Migrate to Model Serving
This article demonstrates how to enable Model Serving on your workspace and switch your models from using Legacy MLflow Model Serving to the new Model Serving experience built on serverless compute.
Requirements
Registered model in the MLflow Model Registry.
Permissions on the registered models as described in the access control guide.
Significant changes
In Model Serving, the format of the request to the endpoint and the response from the endpoint are slightly different from Legacy MLflow Model Serving.
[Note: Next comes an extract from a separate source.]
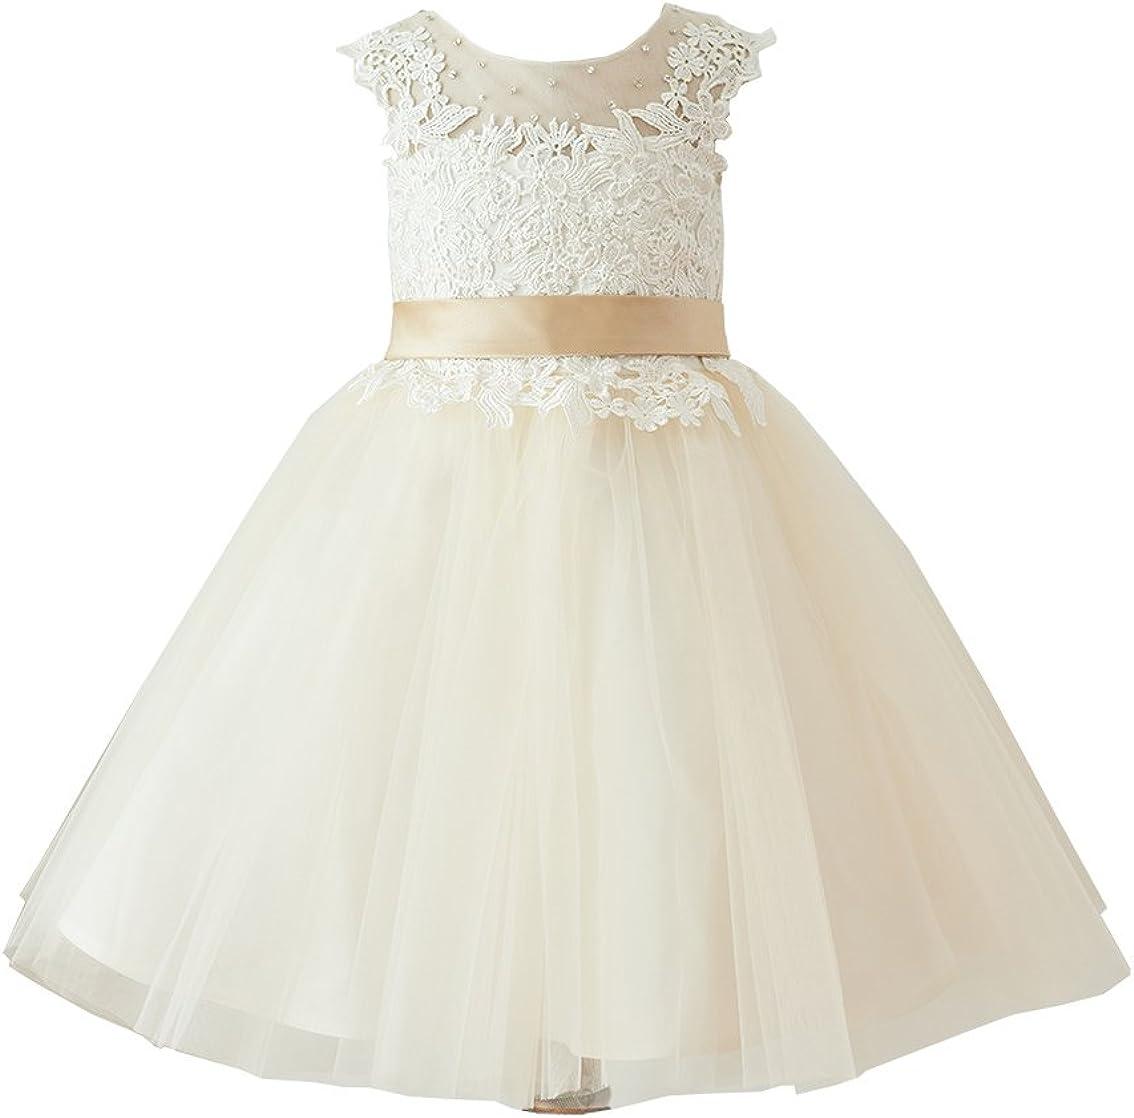 Miama Ivory Lace Champagne Tulle Keyhole Back Wedding Flower Girl Dress Junior Bridesmaid Dress

See Scoring a model endpoint for details on the new format protocol.
In Model Serving, the endpoint URL includes
serving-endpoints
instead ofmodel
.Model Serving includes full support for managing resources with API workflows.
Model Serving is production-ready and backed by the Databricks SLA.
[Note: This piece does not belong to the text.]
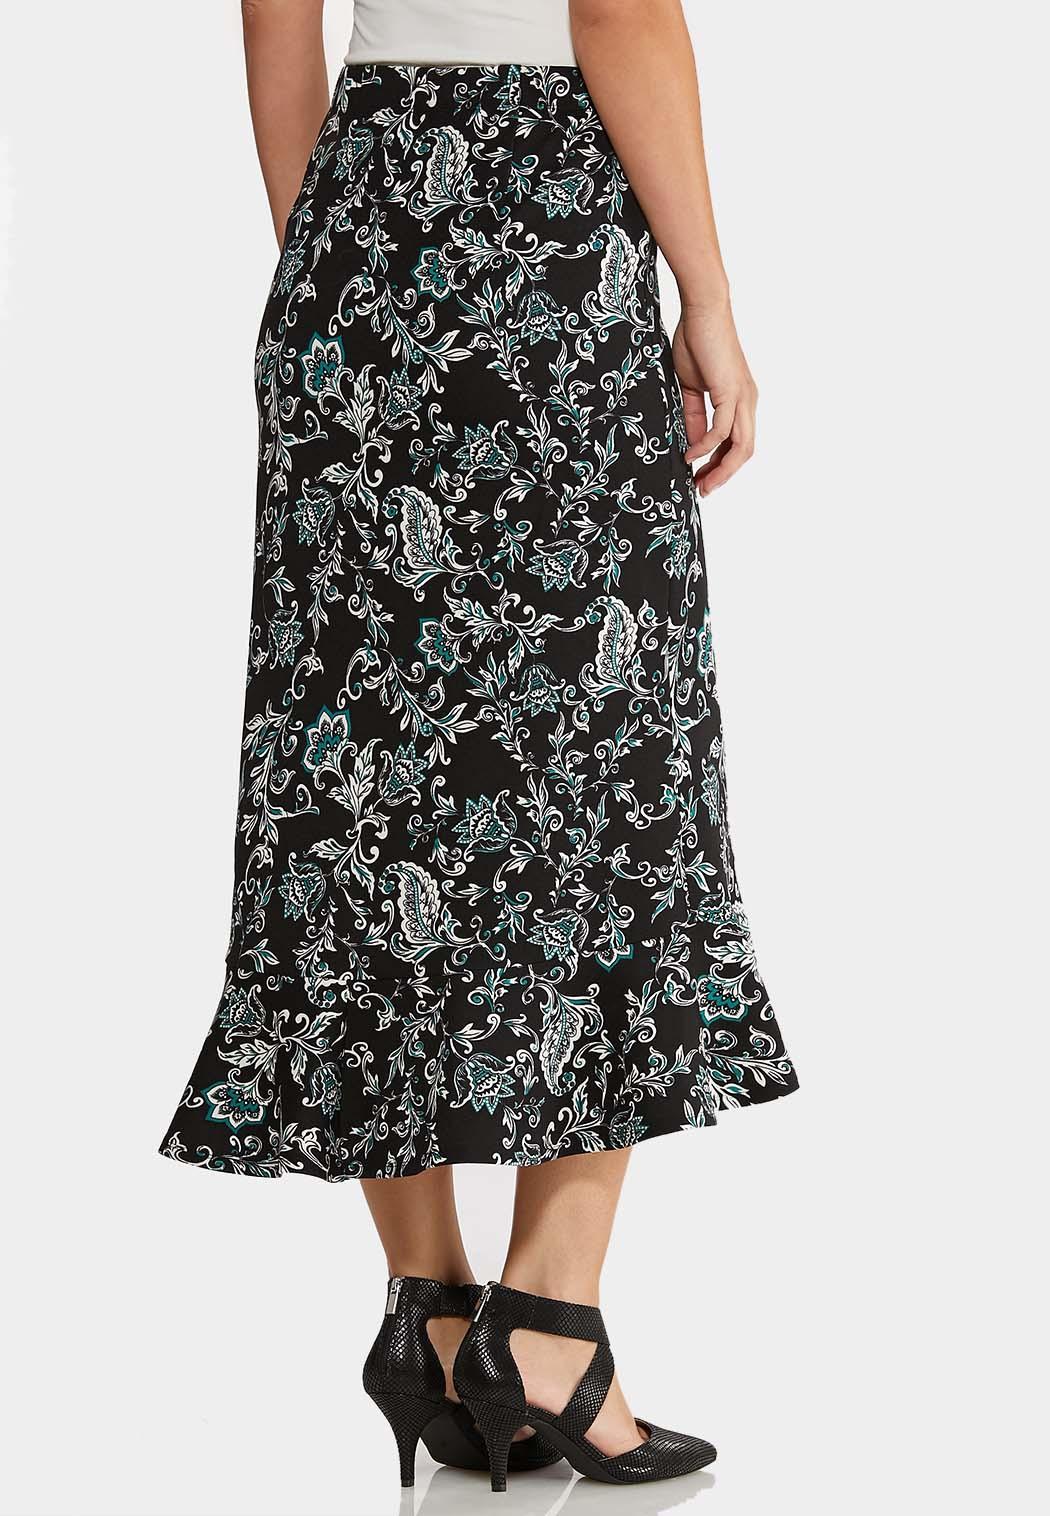 Plus Size Flounced Midi Skirt (Item #43955918)

Enable Model Serving for your workspace
To use Model Serving, your account admin must read and accept the terms and conditions in the account console.
No additional steps are required to enable Model Serving in your workspace.
Migrate served models to Model Serving
You can create a Model Serving endpoint, and flexibly transition model serving workflows without disabling Legacy MLflow Model Serving.
The following steps show how to accomplish this with the UI. For each model on which you have Legacy MLflow Model Serving enabled:
Navigate to Serving endpoints on the sidebar of your machine learning workspace.
Follow the workflow described in UI workflow on how to create a serving endpoint with your model.
Transition your application to use the new URL provided by the serving endpoint to query the model, along with the new scoring format.
When your models are transitioned over, you can navigate to Models on the sidebar of your machine learning workspace.
Select the model for which you want to disable Legacy MLflow Model Serving.
On the Serving tab, select Stop.
A message appears to confirm. Select Stop Serving.